I was looking for videos about biodiversity and found this pretty cool one by David Suzuki and Tara Cullis. It's called A Declaration of Interdependence, and was originally written in 1992 for the Rio Earth Summit. I recently reviewed the three major conventions (climate change, biodiversity and desertification) that came out of the Rio Earth Summit here. There must have been a pretty incredible spirit in the air to produce such far-reaching conventions as well as this declaration at that summit. I wondered what happened to all that enthusiasm?

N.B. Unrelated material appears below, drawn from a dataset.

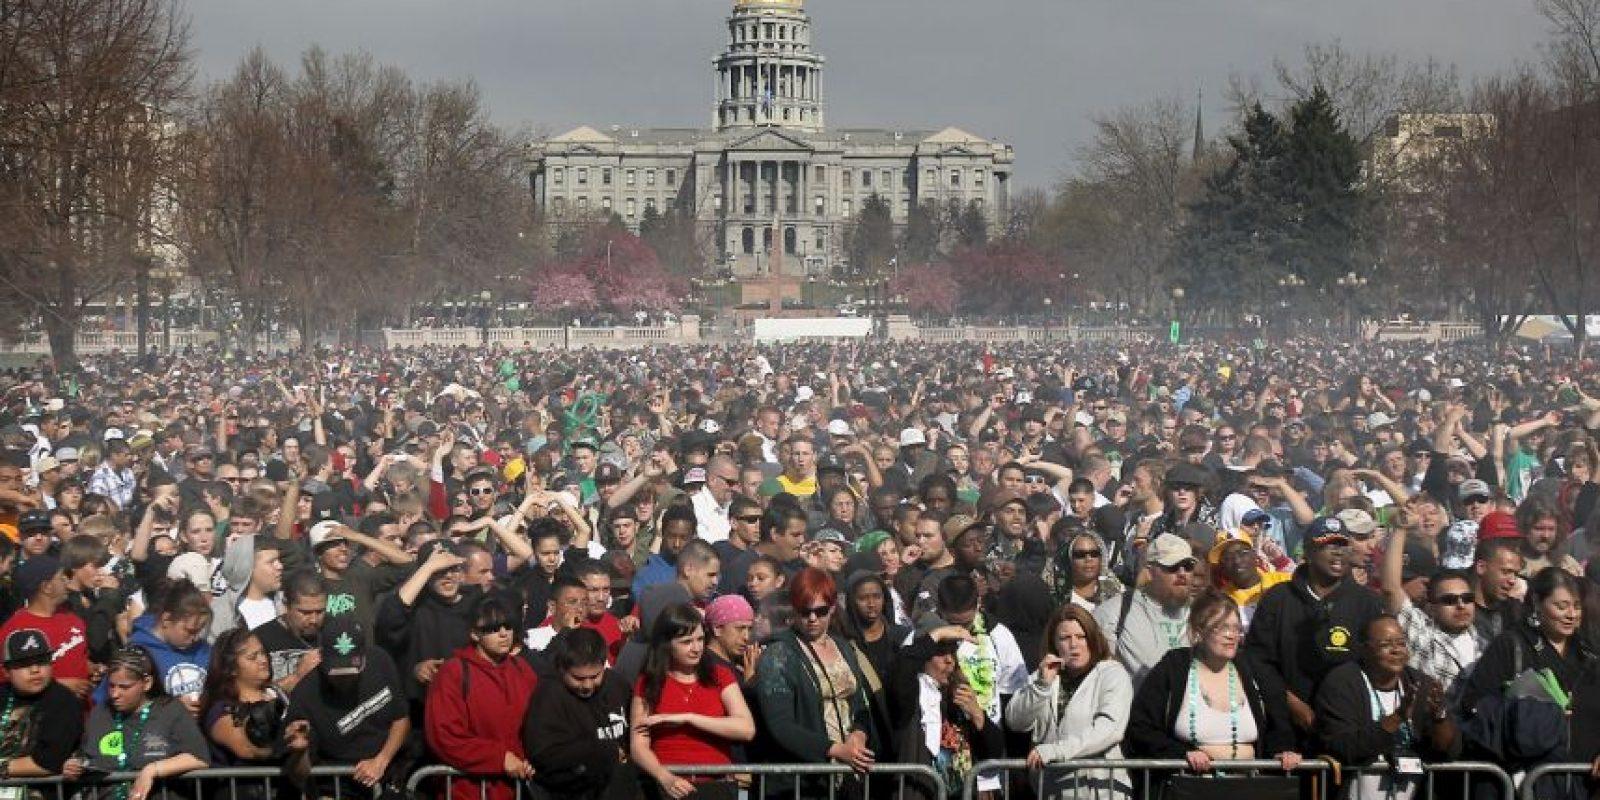 El 20 de abril de cada año, los adeptos al cannabis celebran con grandes dosis de espeso humo lo que ellos entienden como su propia festividad. Foto:Getty Images

Anyway, the Declaration became the founding document of the David Suzuki Foundation. Here it is in video, with text below.




This we know

We are the earth, through the plants and animals that nourish us.
We are the rains and the oceans that flow through our veins.
We are the breath of the forests of the land, and the plants of the sea.
We are human animals, related to all other life as descendants of the firstborn cell.
We share with these kin a common history, written in our genes.
We share a common present, filled with uncertainty.
And we share a common future, as yet untold.
We humans are but one of thirty million species weaving the thin layer of life enveloping the world.
The stability of communities of living things depends upon this diversity.
Linked in that web, we are interconnected — using, cleansing, sharing and replenishing the fundamental elements of life.
Our home, planet Earth, is finite; all life shares its resources and the energy from the sun, and therefore has limits to growth.
For the first time, we have touched those limits.
When we compromise the air, the water, the soil and the variety of life, we steal from the endless future to serve the fleeting present.

This we believe

Humans have become so numerous and our tools so powerful that we have driven fellow creatures to extinction, dammed the great rivers, torn down ancient forests, poisoned the earth, rain and wind, and ripped holes in the sky.
Our science has brought pain as well as joy; our comfort is paid for by the suffering of millions.
We are learning from our mistakes, we are mourning our vanished kin, and we now build a new politics of hope.
We respect and uphold the absolute need for clean air, water and soil.
We see that economic activities that benefit the few while shrinking the inheritance of many are wrong.
And since environmental degradation erodes biological capital forever, full ecological and social cost must enter all equations of development.
We are one brief generation in the long march of time; the future is not ours to erase.
So where knowledge is limited, we will remember all those who will walk after us, and err on the side of caution.

This we resolve

All this that we know and believe must now become the foundation of the way we live.
At this turning point in our relationship with Earth, we work for an evolution: from dominance to partnership; from fragmentation to connection; from insecurity, to interdependence.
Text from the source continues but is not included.